[Start of section]
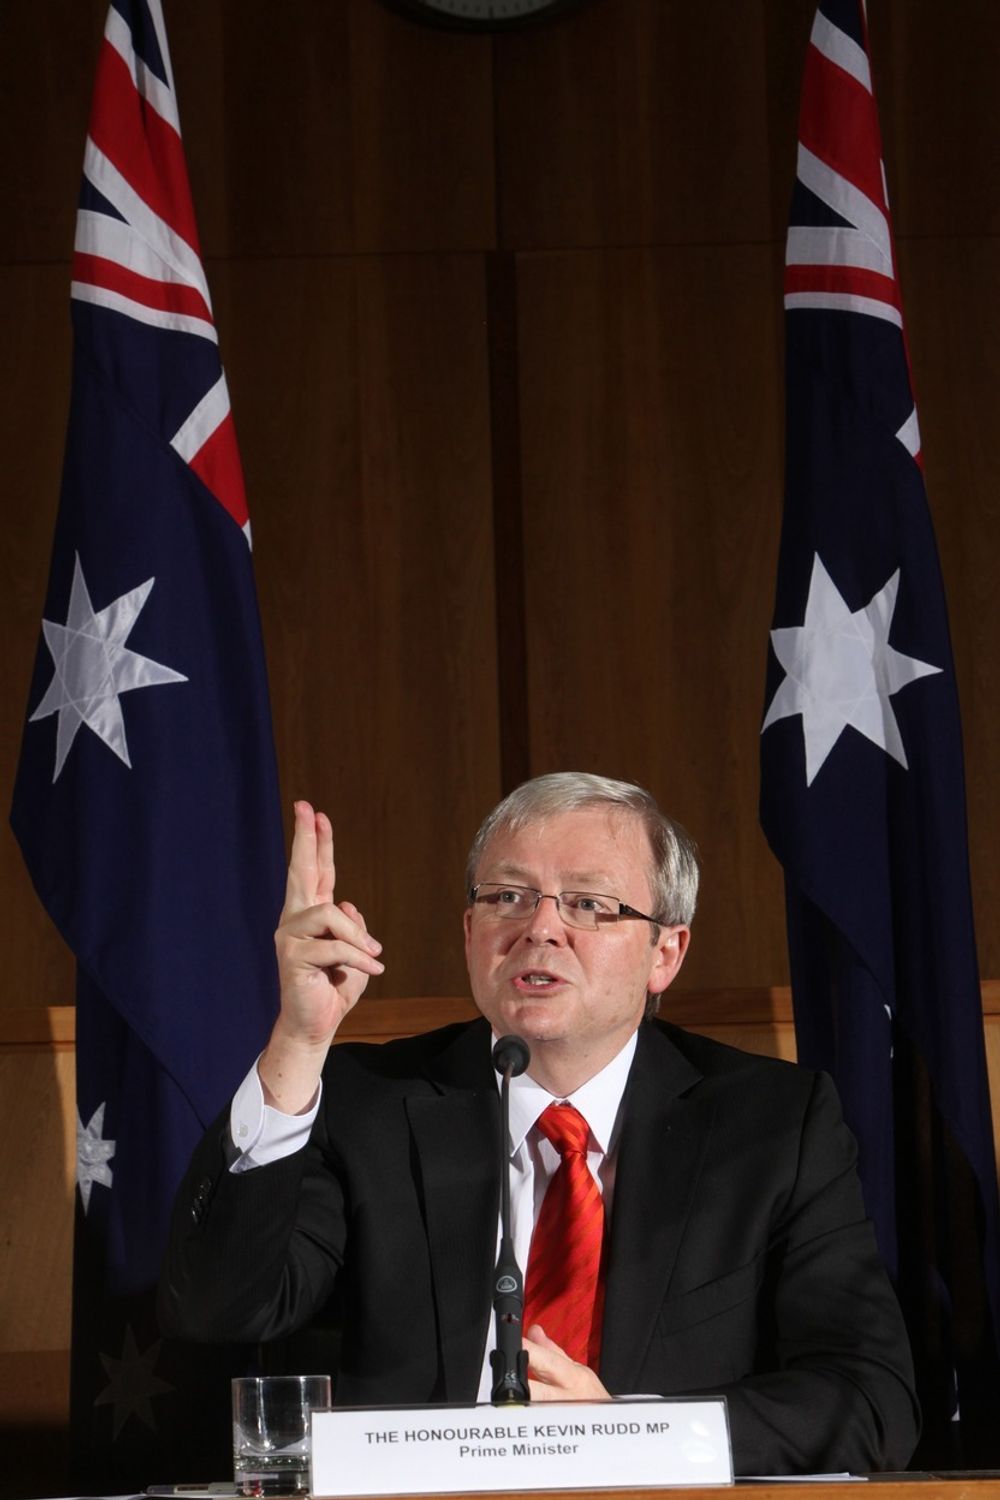 Regjeringen i Australia vil vente med å innføre kvotehandel til etter Kyotoprotokollens utløp i 2012, ifølge statsminister Kevin Rudd.
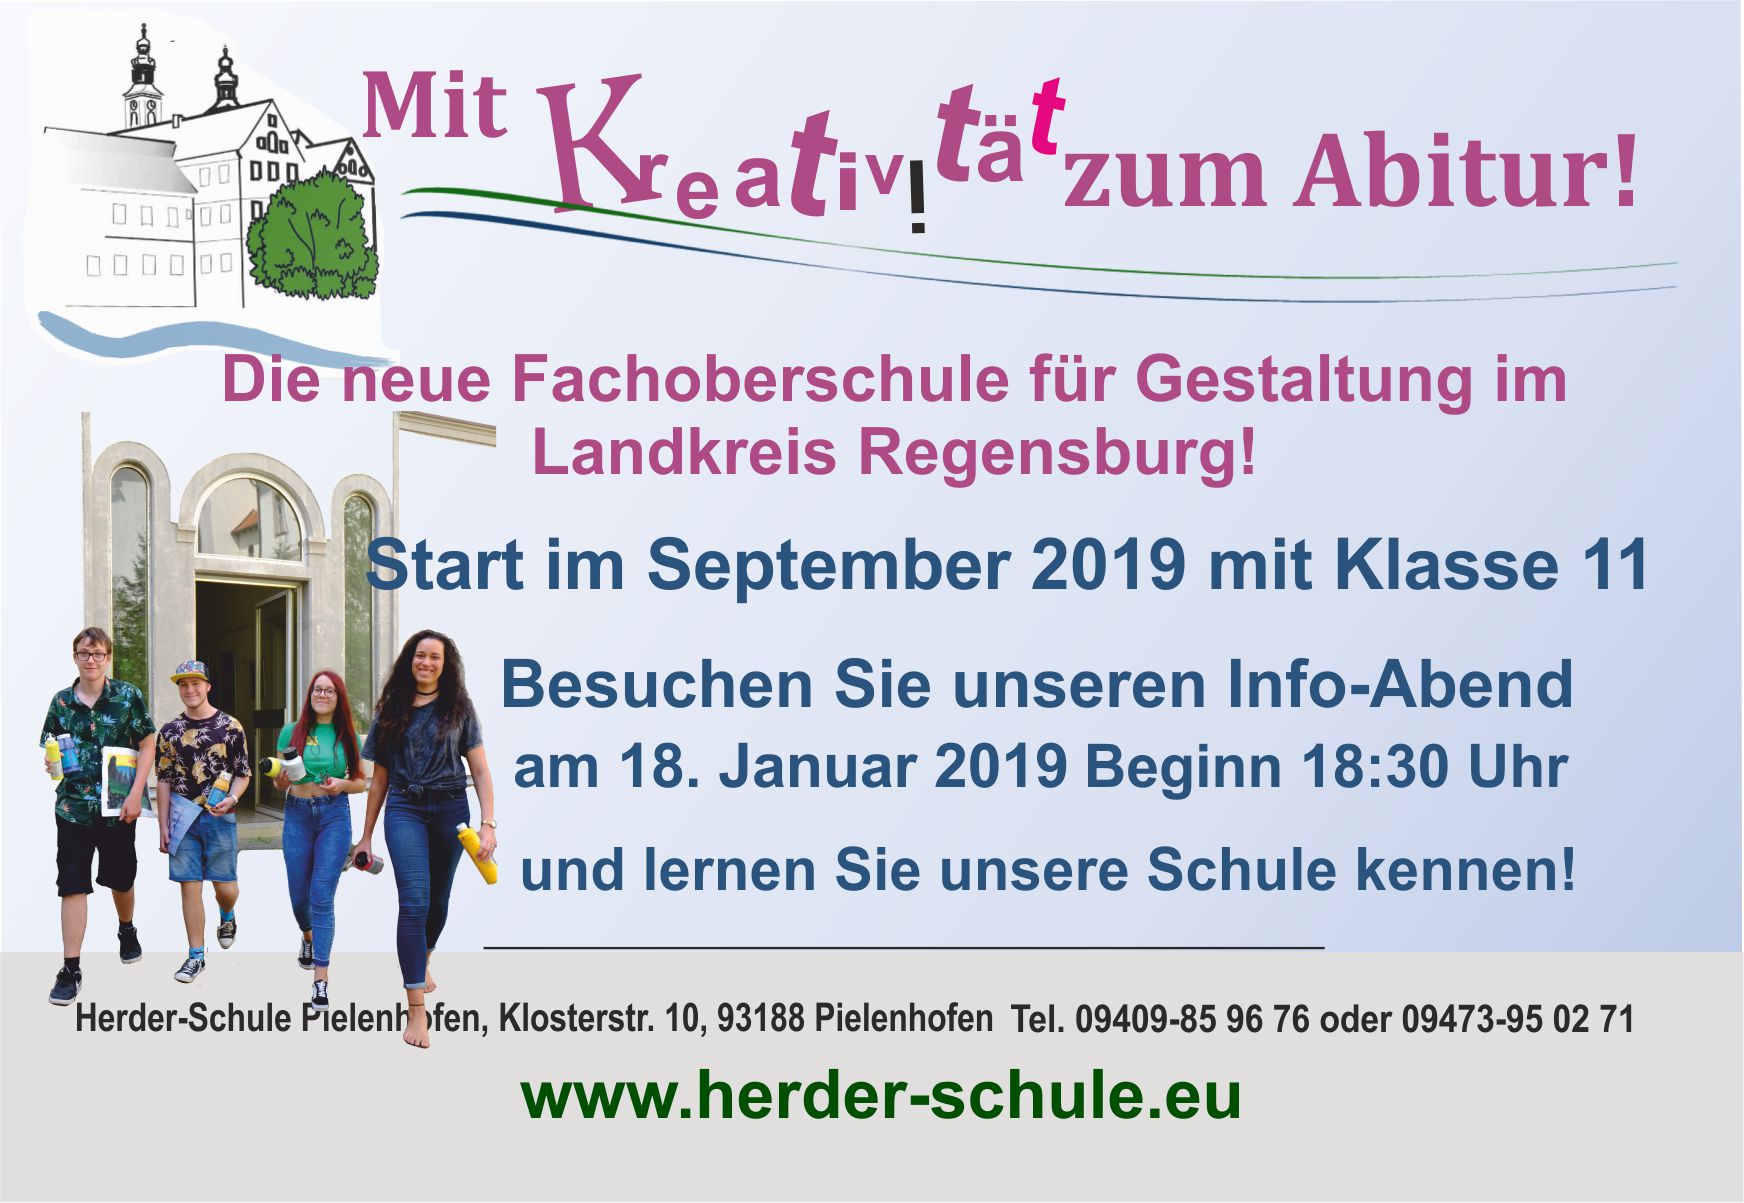 Herder-Schule - Staatlich anerkannte Privatschule Pielenhofen: Mit Kunst und Kreativität zum Abitur
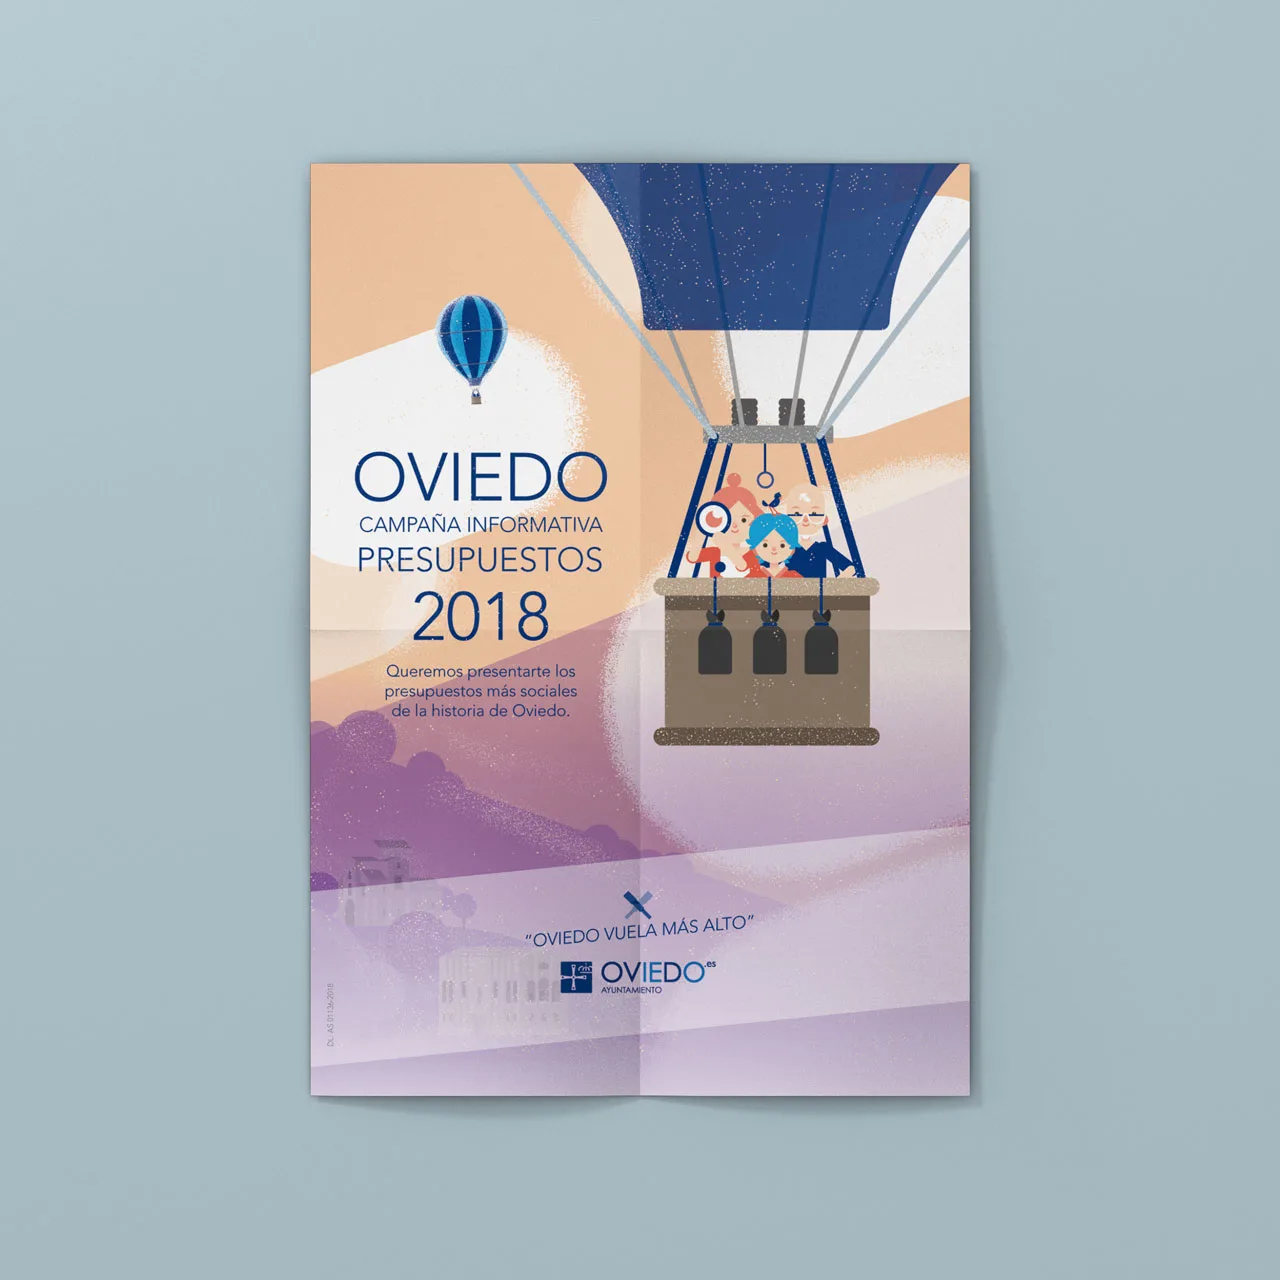 Presupuestos 2018: Oviedo Vuela Más Alto
[End of section]
*Your assignment*
The data must come back word for word, with every picture removed.

*Answer box*
 Regjeringen i Australia vil vente med å innføre kvotehandel til etter Kyotoprotokollens utløp i 2012, ifølge statsminister Kevin Rudd.
 Herder-Schule - Staatlich anerkannte Privatschule Pielenhofen: Mit Kunst und Kreativität zum Abitur
 Presupuestos 2018: Oviedo Vuela Más Alto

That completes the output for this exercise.